*Exercise objective*
Repeat the data that follows, word for word, without the images.

(Provided material)

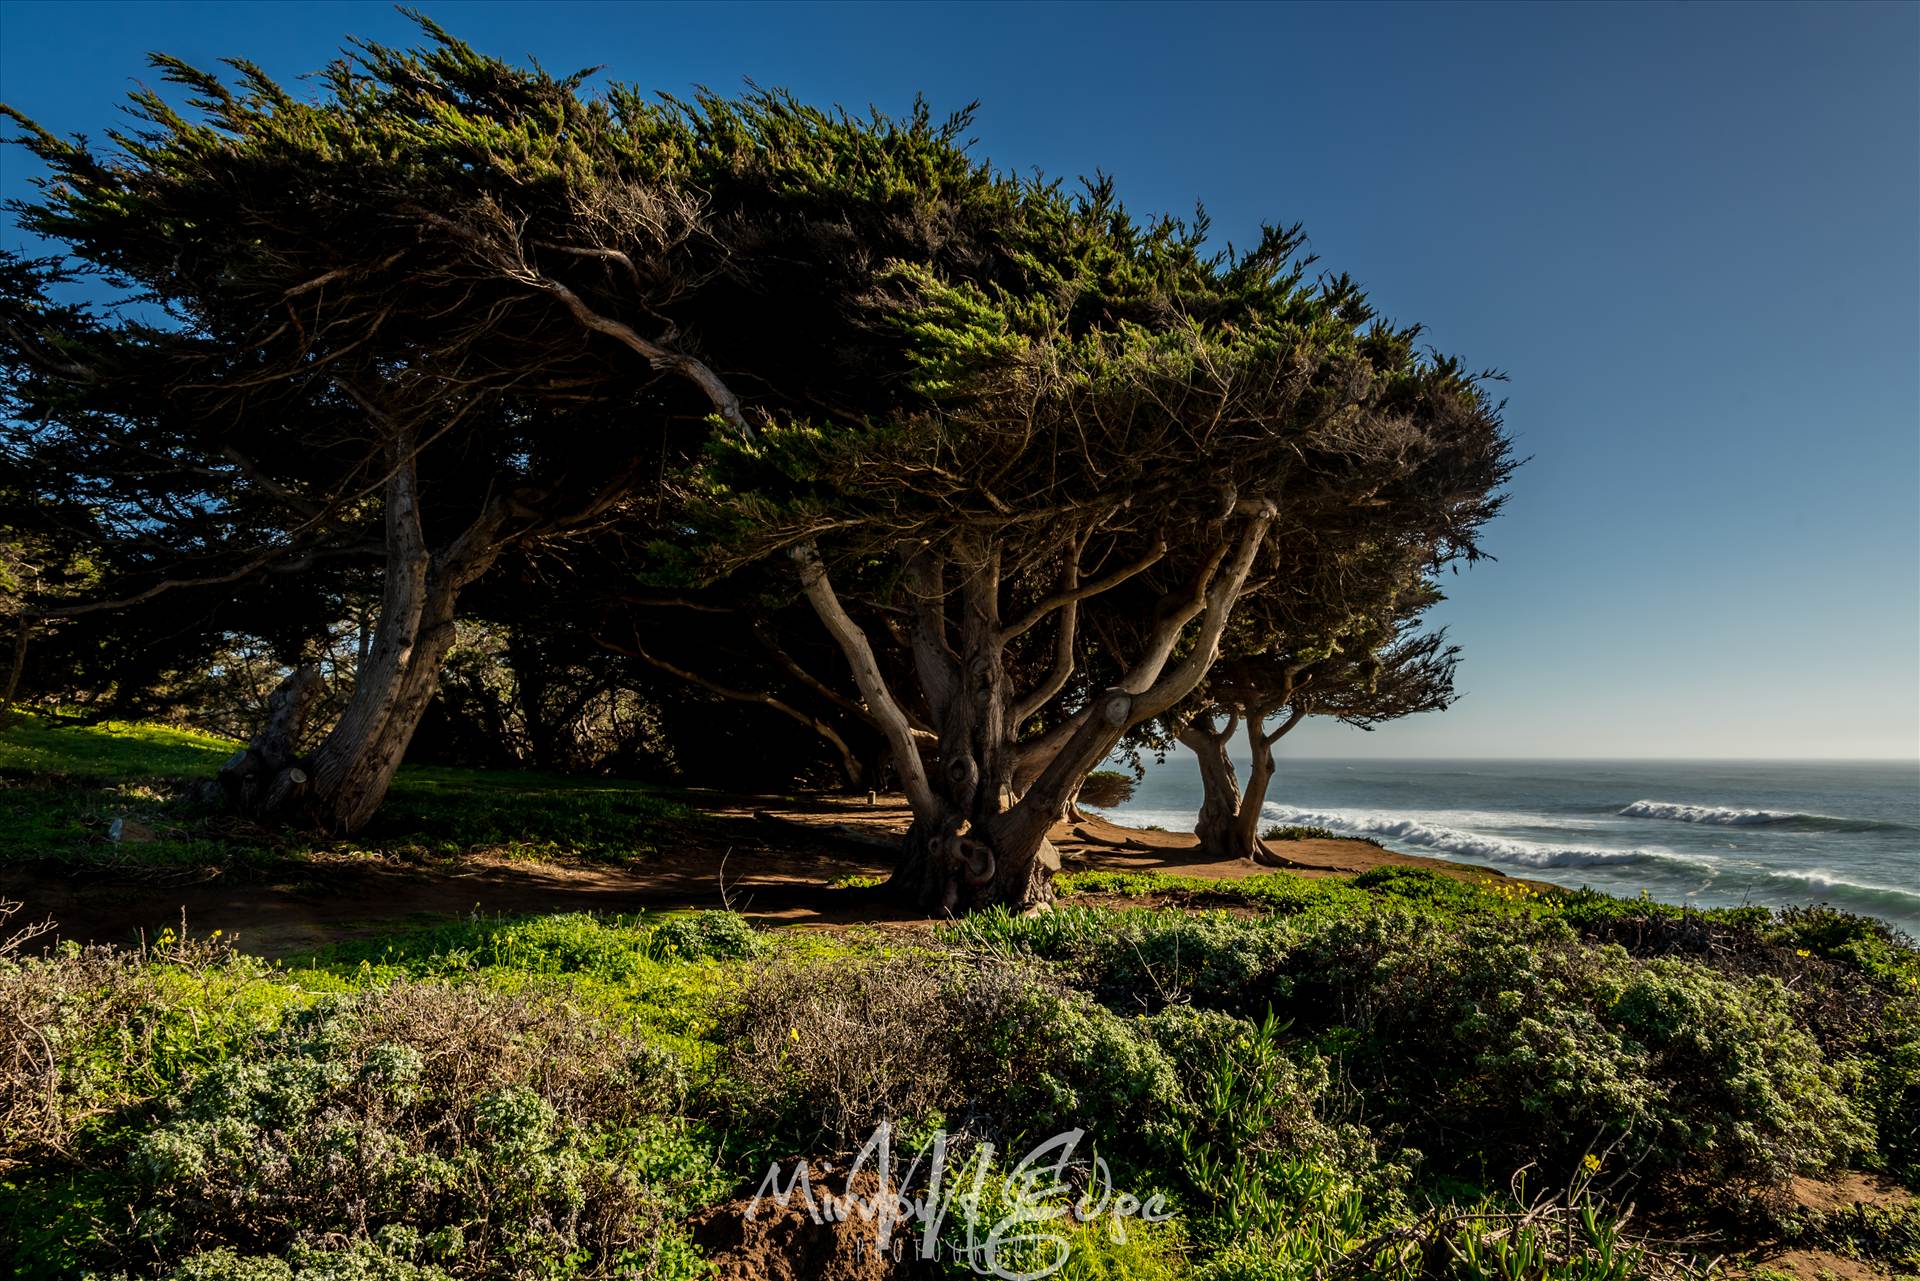 Cambria Pine by the Sea 02132016.jpg undefined by Sarah Williams
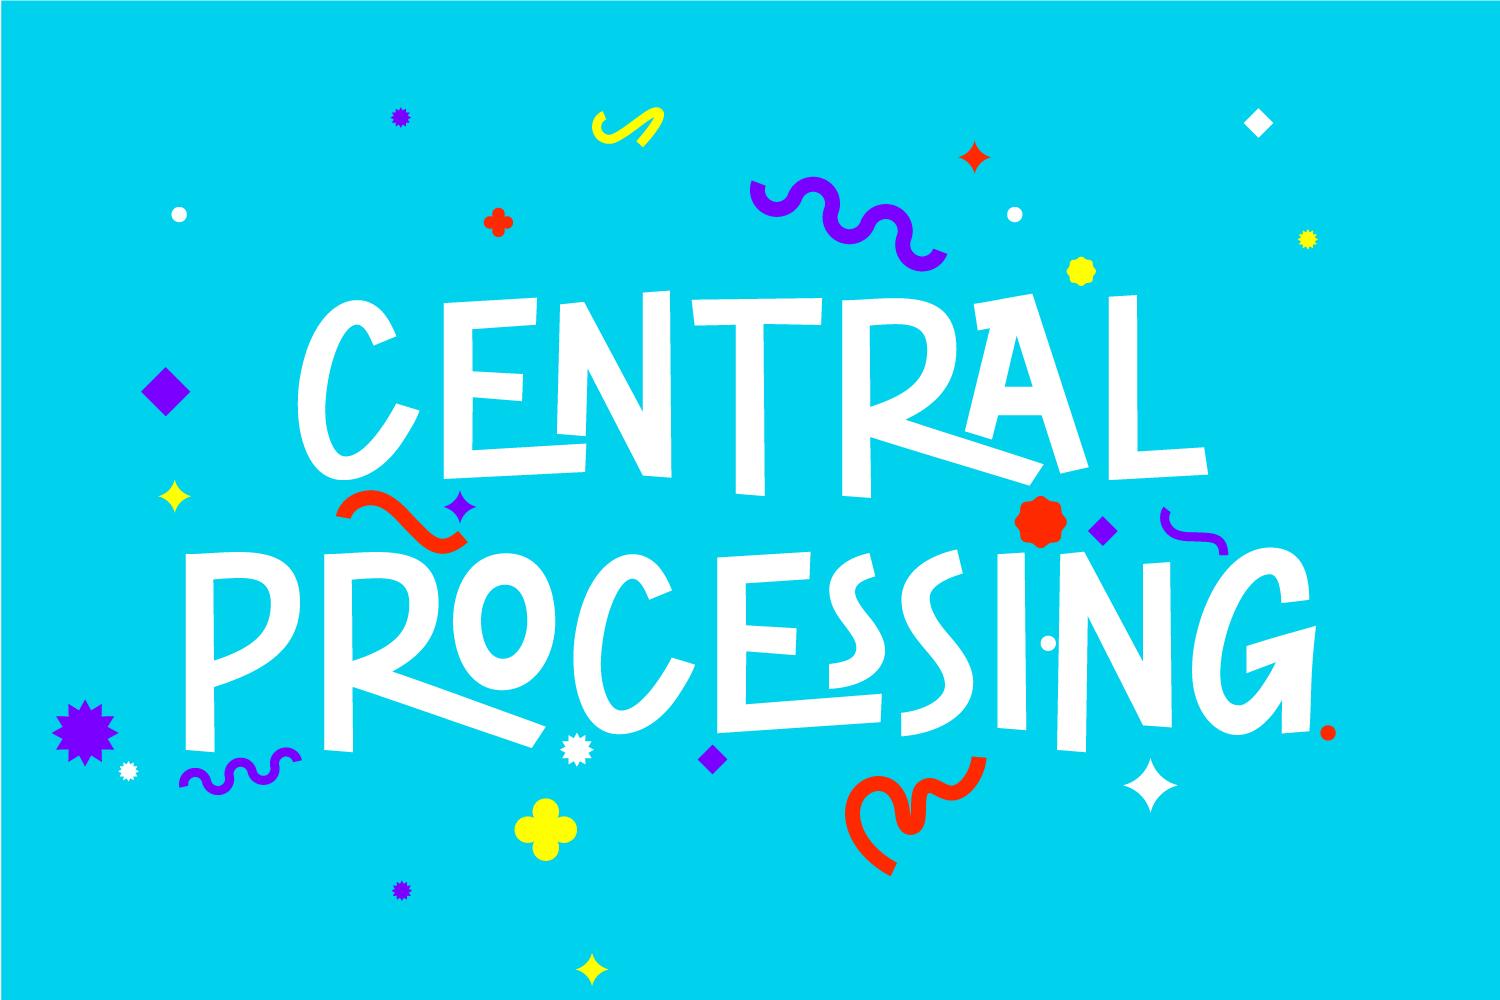 Central Processing Font
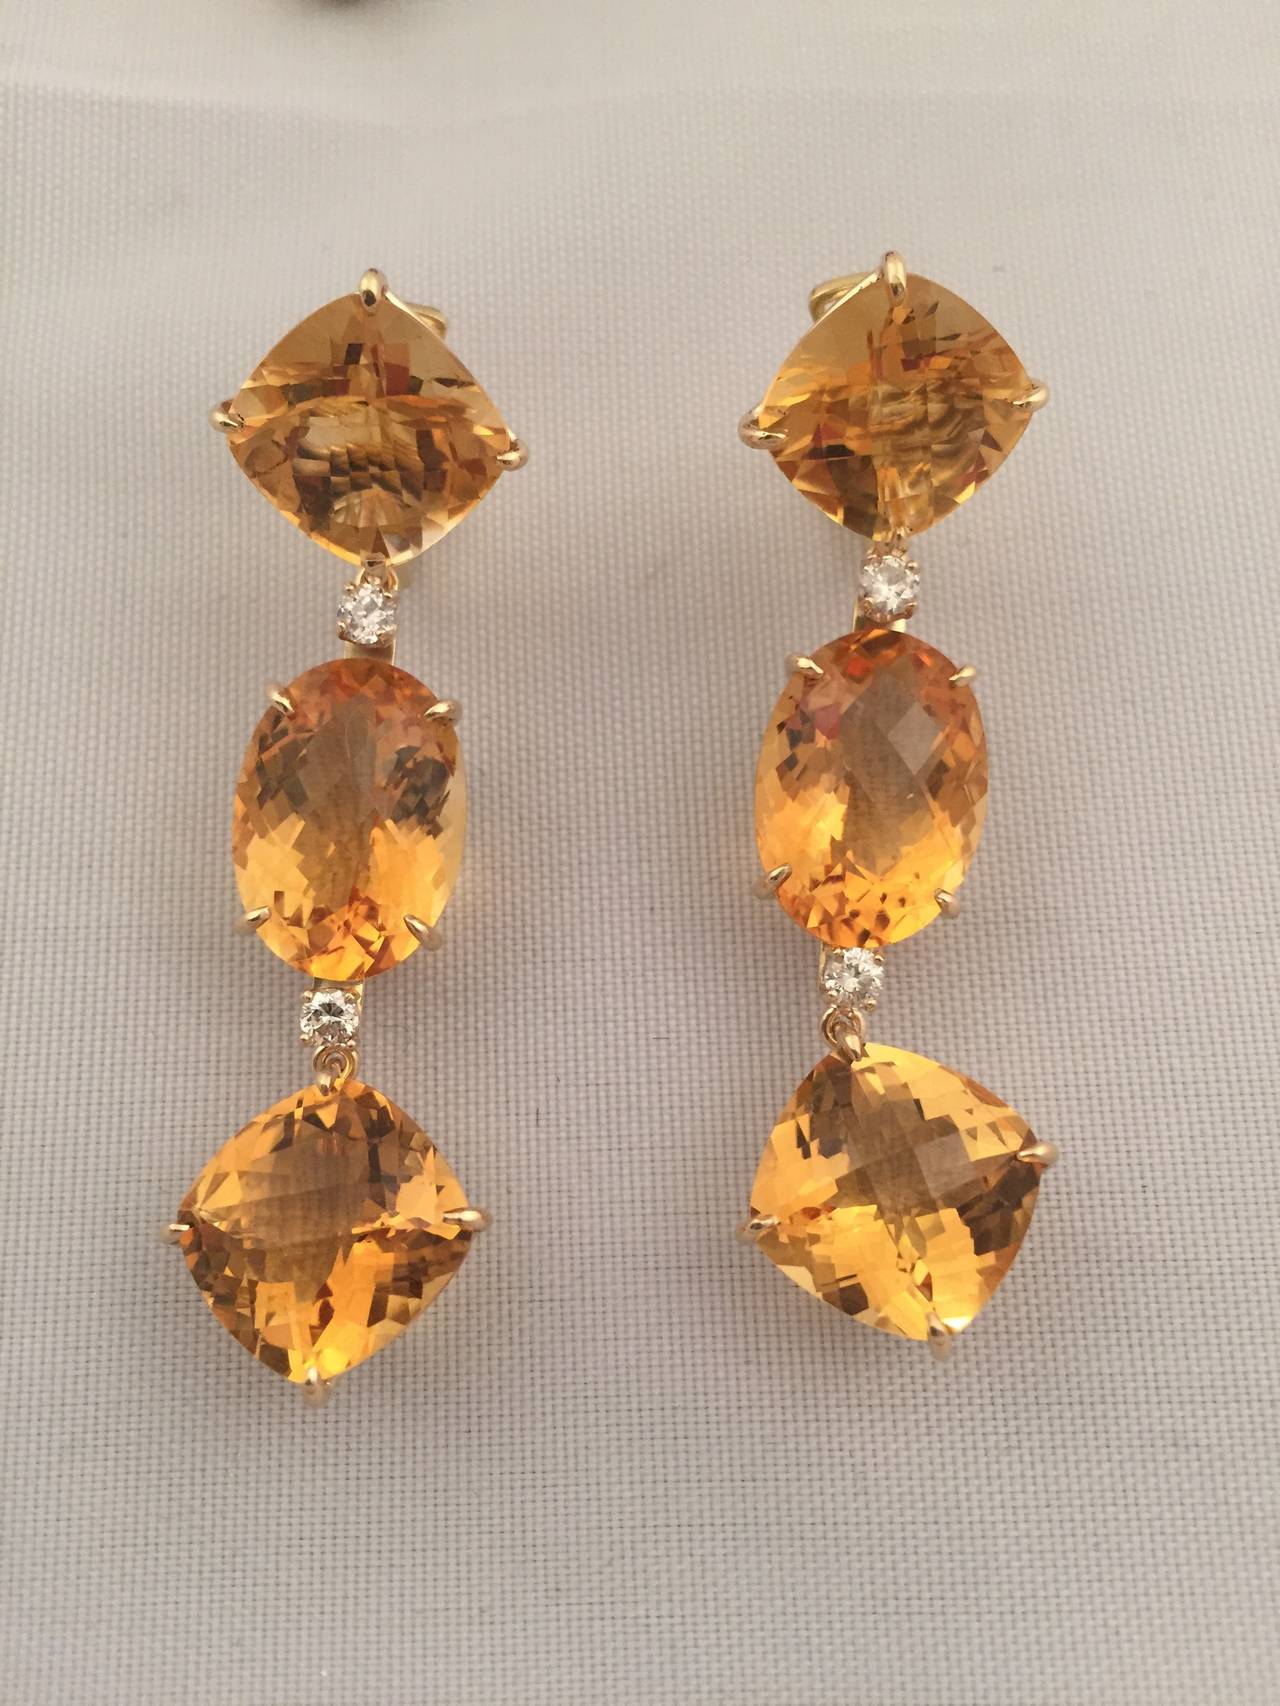 Elegant Citrine and Diamond Three Stone Drop Earrings.  18kt Yellow gold with faceted Cushion, Oval and then Cushion cut Citrine finished with four diamonds ~0.60cts.  The earrings measure  2 1/2" in length and  1/2" wide.

The earrings

(End Provided material)

*Result for this task*
 Cambria Pine by the Sea 02132016.jpg undefined by Sarah Williams
 Central Processing Font
 Elegant Citrine and Diamond Three Stone Drop Earrings.  18kt Yellow gold with faceted Cushion, Oval and then Cushion cut Citrine finished with four diamonds ~0.60cts.  The earrings measure  2 1/2" in length and  1/2" wide.

The earrings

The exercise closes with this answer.